She was still whistling herself back to familiar things as she ran lightly up the stairs; had warmed to a long final trill as she stood in the doorway. The girl looked up in amazement. She had been sitting there, elbows on her knees, face in her hands. It was hard to see what might have been seen in her face because at that moment the chief thing seen was astonishment. Katie slipped down among the pillows of the couch, an arm curled about her head. "Didn't know I could do that, did you?" she laughed. "Oh yes, I have several accomplishments. Whistling is perhaps the chiefest thereof. Then next I think would come golf. My game's not bad. Then there are a few wizardy things I do with a chafing dish, and lastly, and after all lastly should be firstly, is my genius for getting everything and everybody into a most hopeless mess."

The girl moved impatiently at first, as if determined not to be evaded by that light mood, but sight of Katie, lying there so much as a child would lie, seemed to suggest how truly Katie might have spoken and she was betrayed into the shadow of a smile.

"I suppose there has never been a human being as gifted in balling things up as I am," meditatively boasted Kate.

"Now here you are," she continued plaintively. "You want to go away.
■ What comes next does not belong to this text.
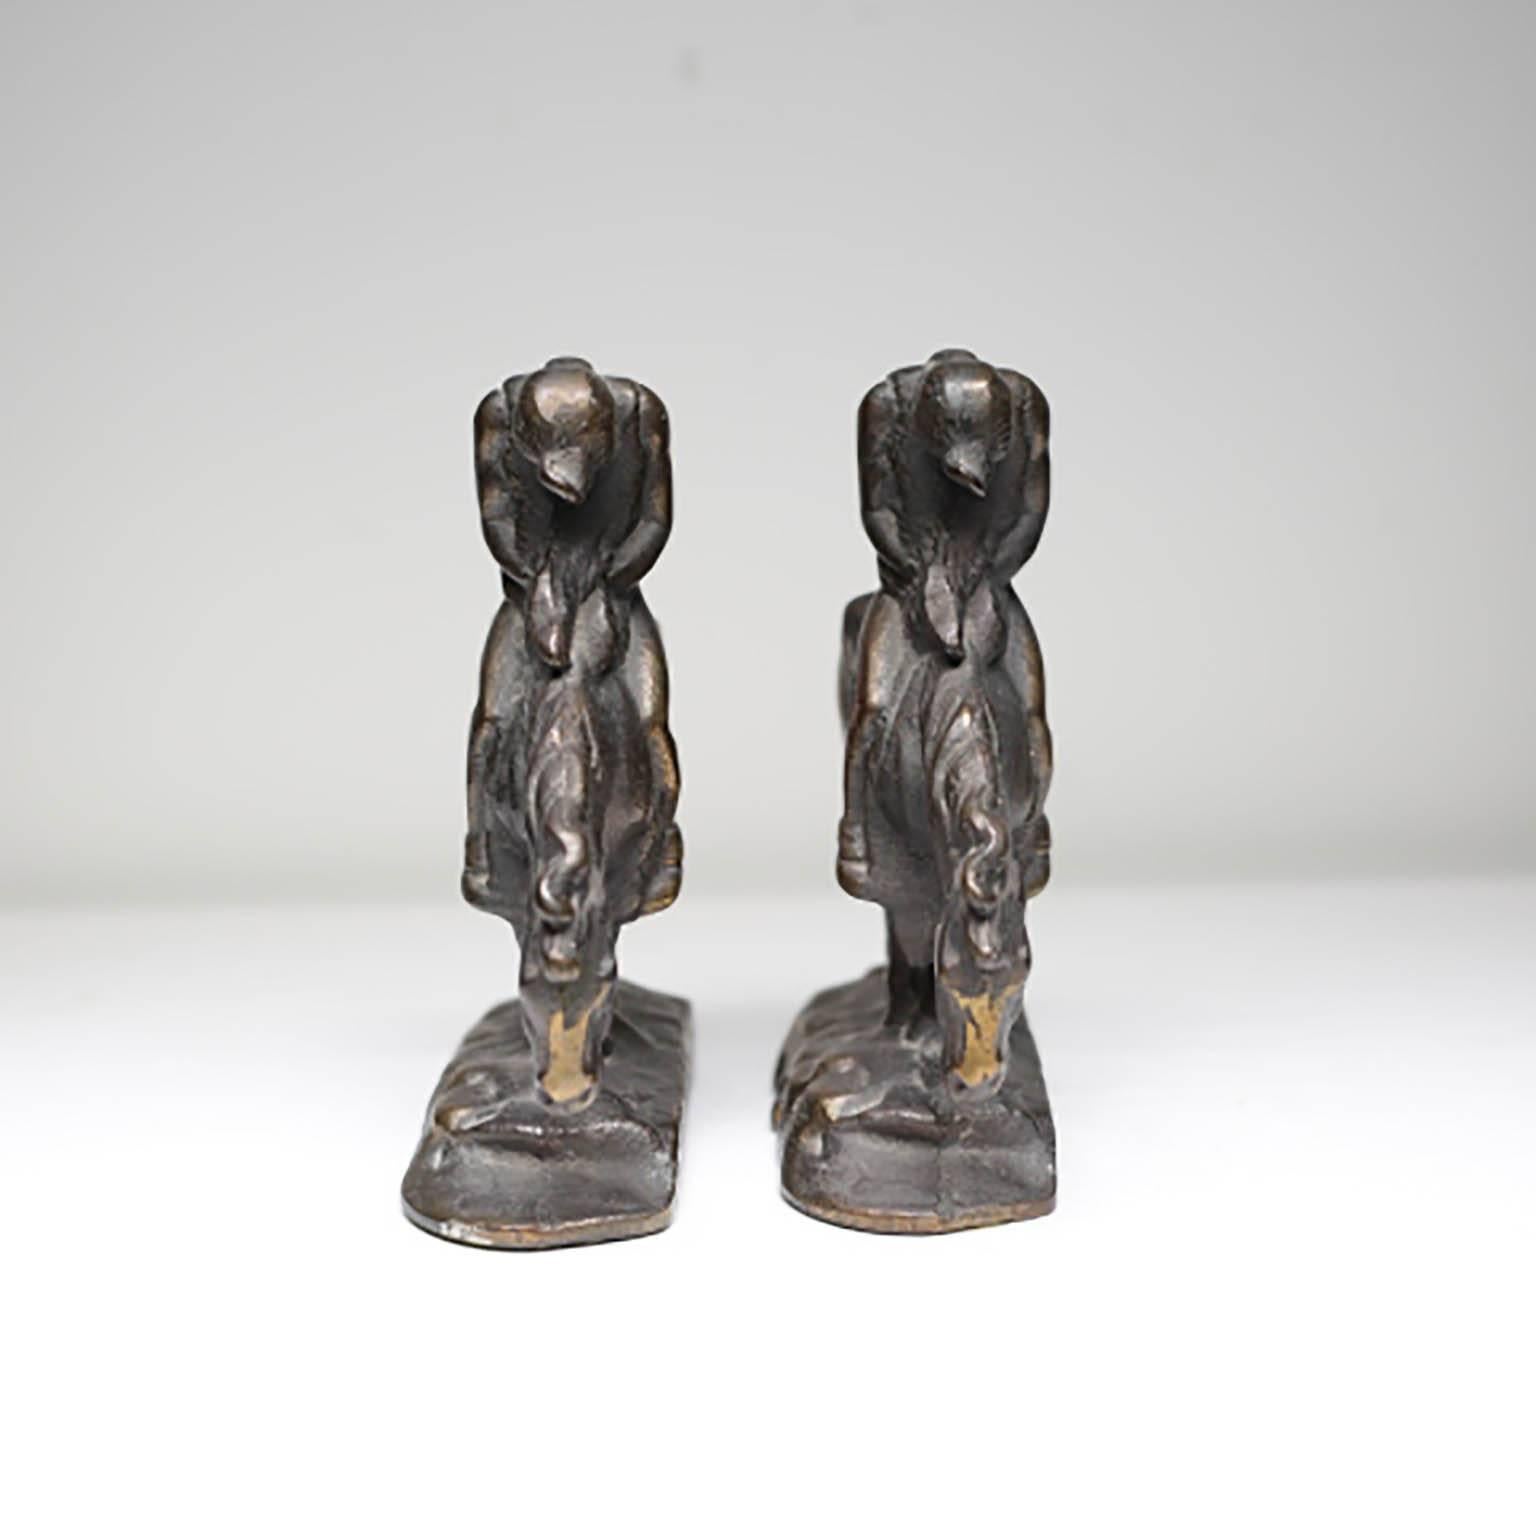 Pair of solid bronze bookends depicting a Native American on a horse.

Well, of course, that's your affair. Why should you have to stay here—if you don't want to? But in the twenty-four hours you've been here I presume I've told twenty-four unnecessary lies to my brother. And if you do go away—as I admit you have a perfect right to do—it will put me in such a compromising position, because of those deathless lies that will trail me round through life that—oh, well," she concluded petulantly, "I suppose I'll just have to go away too."

But the girl put it resolutely from her. A wave of sternness swept her face as she said, with a certain dignity that made Katie draw herself to a position more adapted to the contemplation of serious things: "That's all very well. Your pretending—trying to pretend—that I would be doing you a favor in staying. It is so—so clever. I mean so cleverly kind. But I can't help seeing through it, and I'm not going to accept hospitality I've no right to—stay here under false pretenses—pretend to be what I'm not—why what I couldn't even pretend to be!" she concluded with bitterness.
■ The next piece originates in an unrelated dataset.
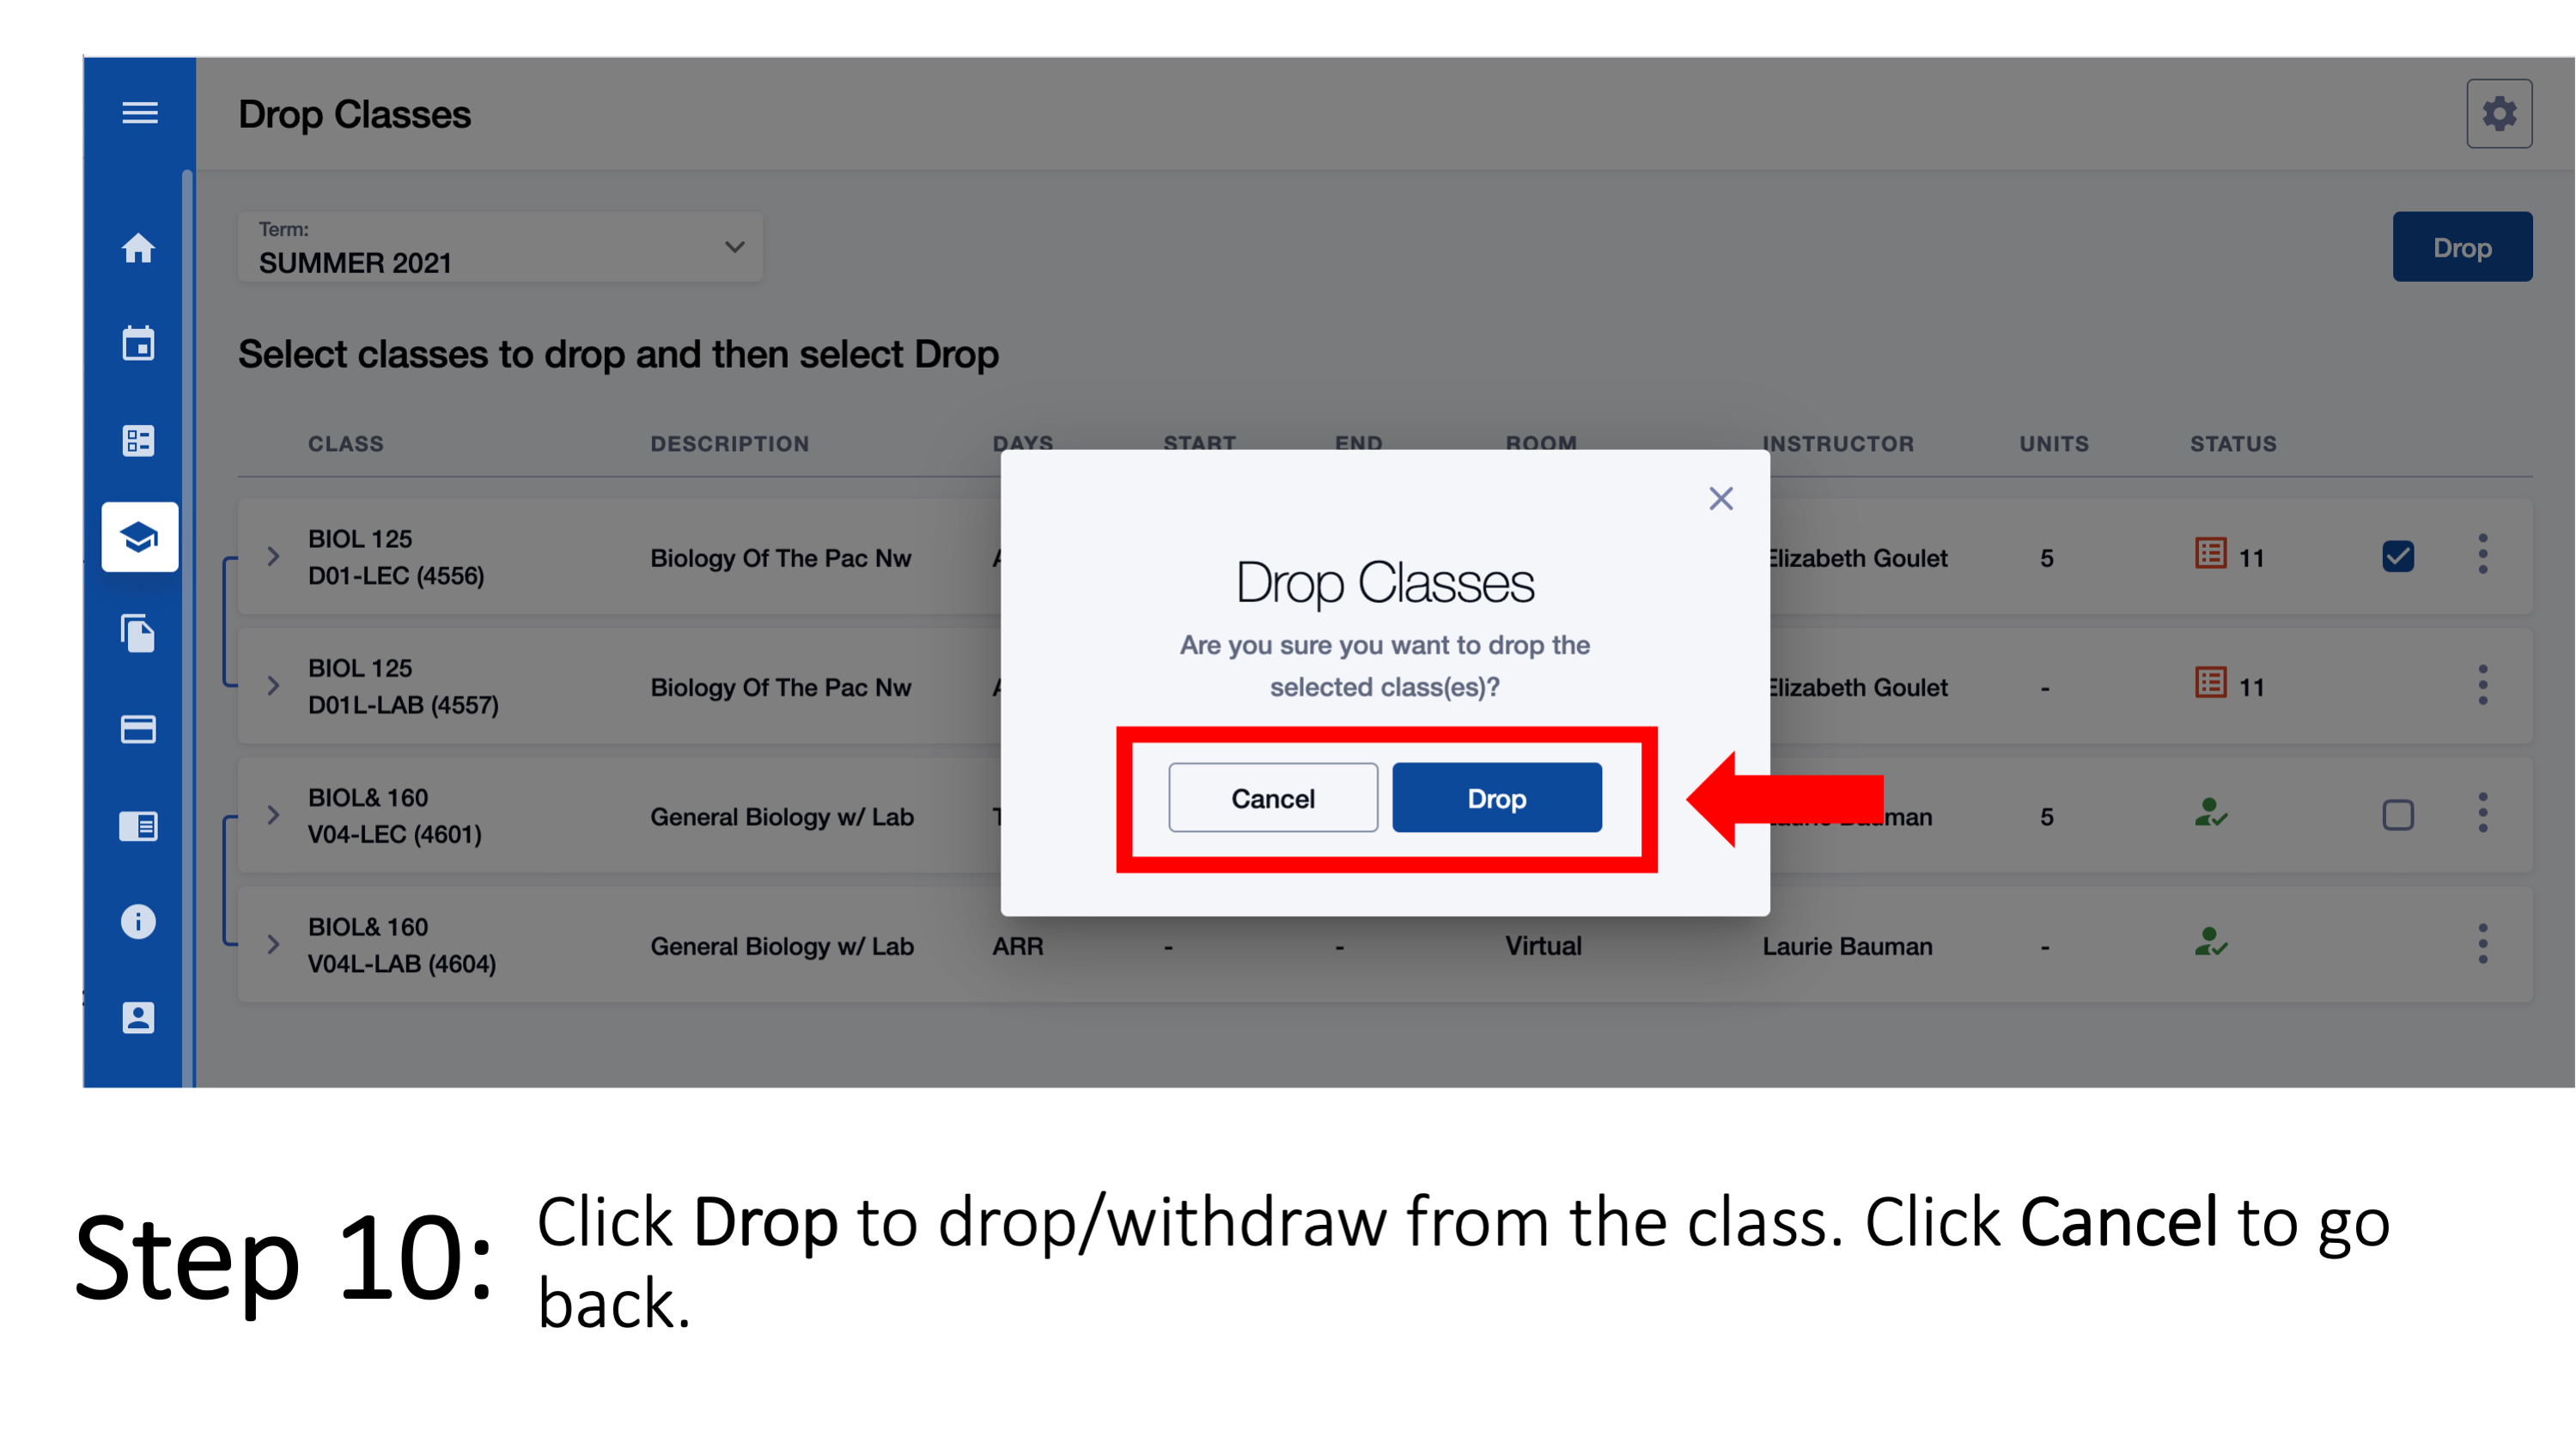 Step 10: Click Drop to drop/withdraw from the class. Click Cancel to go back.

Katie was leaning forward, all keen interest. "But do you know, I think you could. I honestly believe we could put it through! And don't you see that it would be the most fascinating—altogether jolliest sort of thing for us to try? It would be a game—a lark—the very best kind of sport!"
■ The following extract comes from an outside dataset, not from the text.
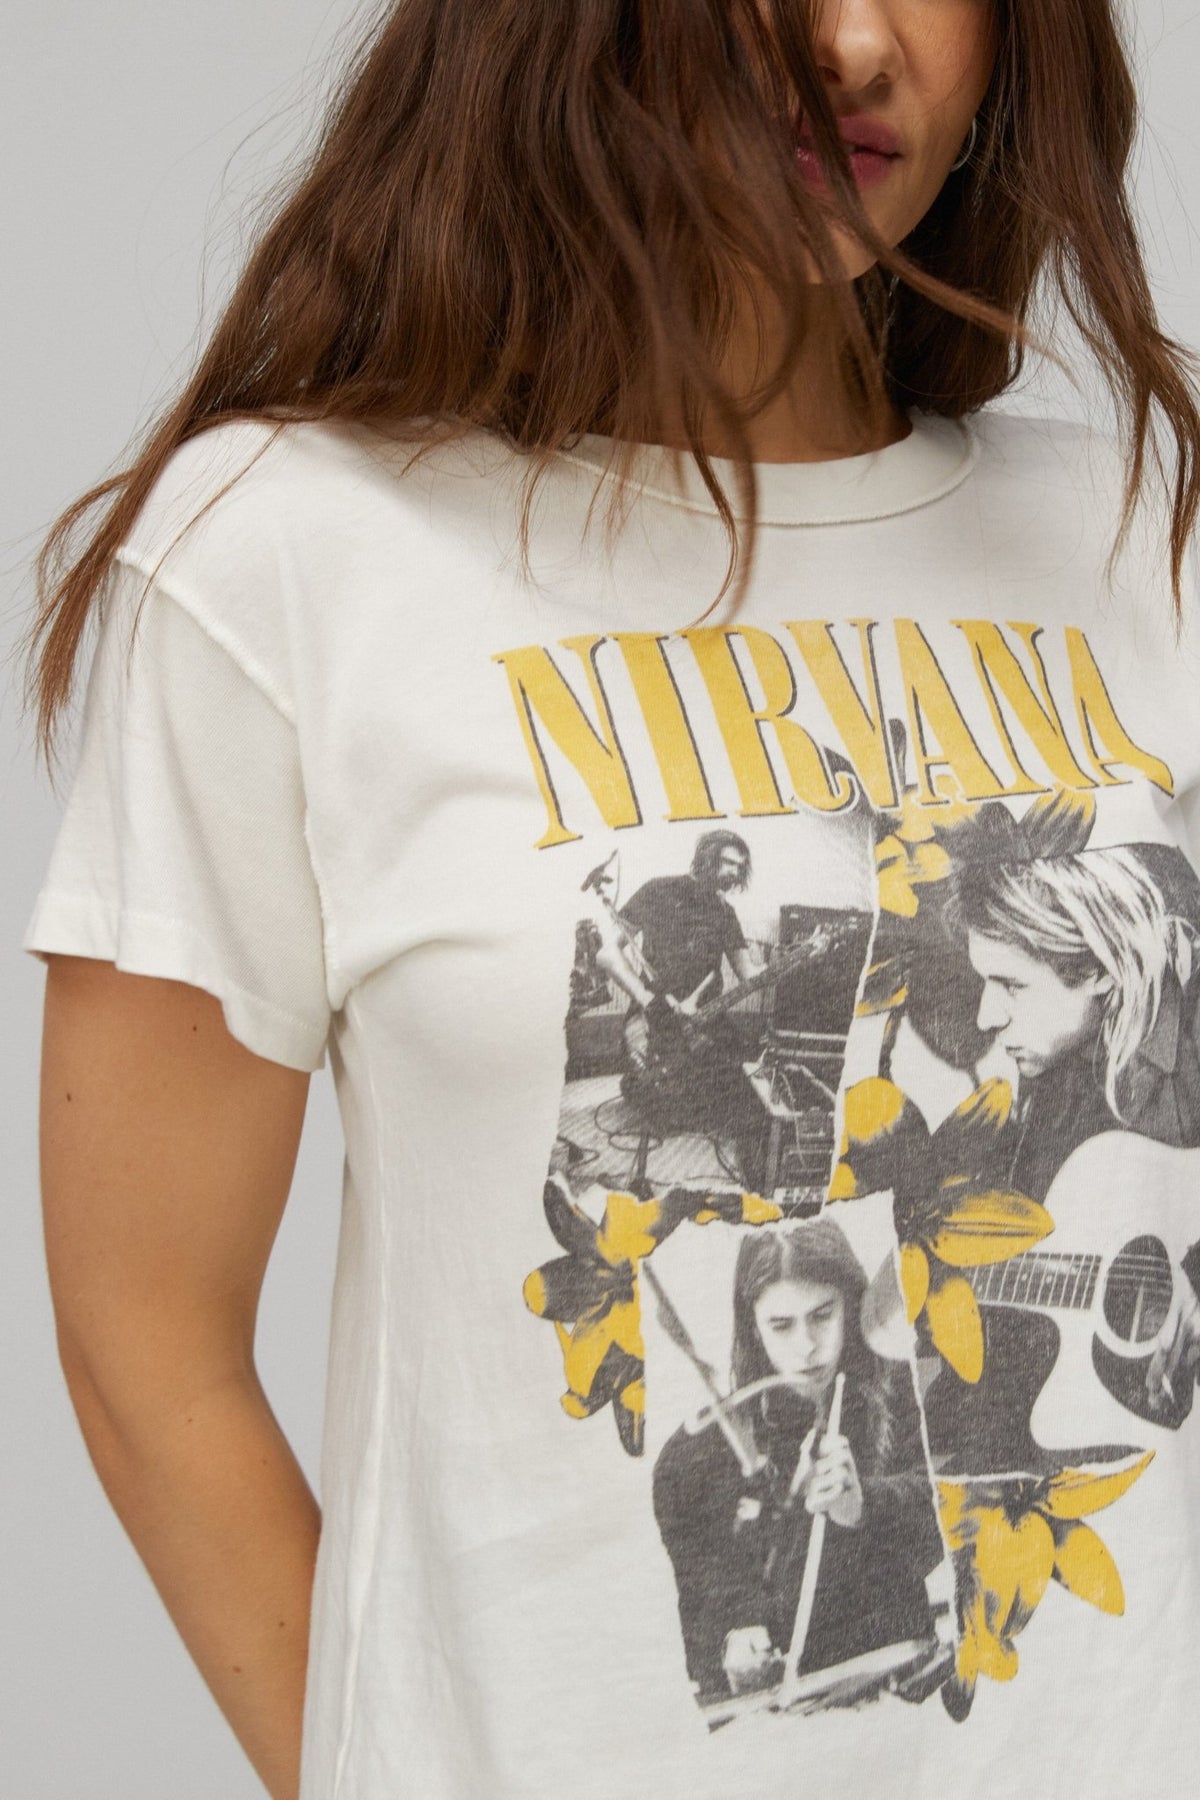 DAYDREAMER Nirvana Collage Reverse Girlfriend Tee in Vintage White - Graphic Tee - Blooming Daily

She saw in an instant that she had wounded her. "I'm sorry; I would like very much to do something for you after all this. But I am afraid this is sport I cannot furnish you. I am not—I'm not feeling just like—a lark."

"Now do you see?" Kate demanded with turbulent gesture. "Talk about balling things up! I like you; I want you to stay; and when I come in here and try and induce you to stay what do I do but muddle things so that you'll probably walk right out of the house! Why was I born like that?" she demanded in righteous resentment.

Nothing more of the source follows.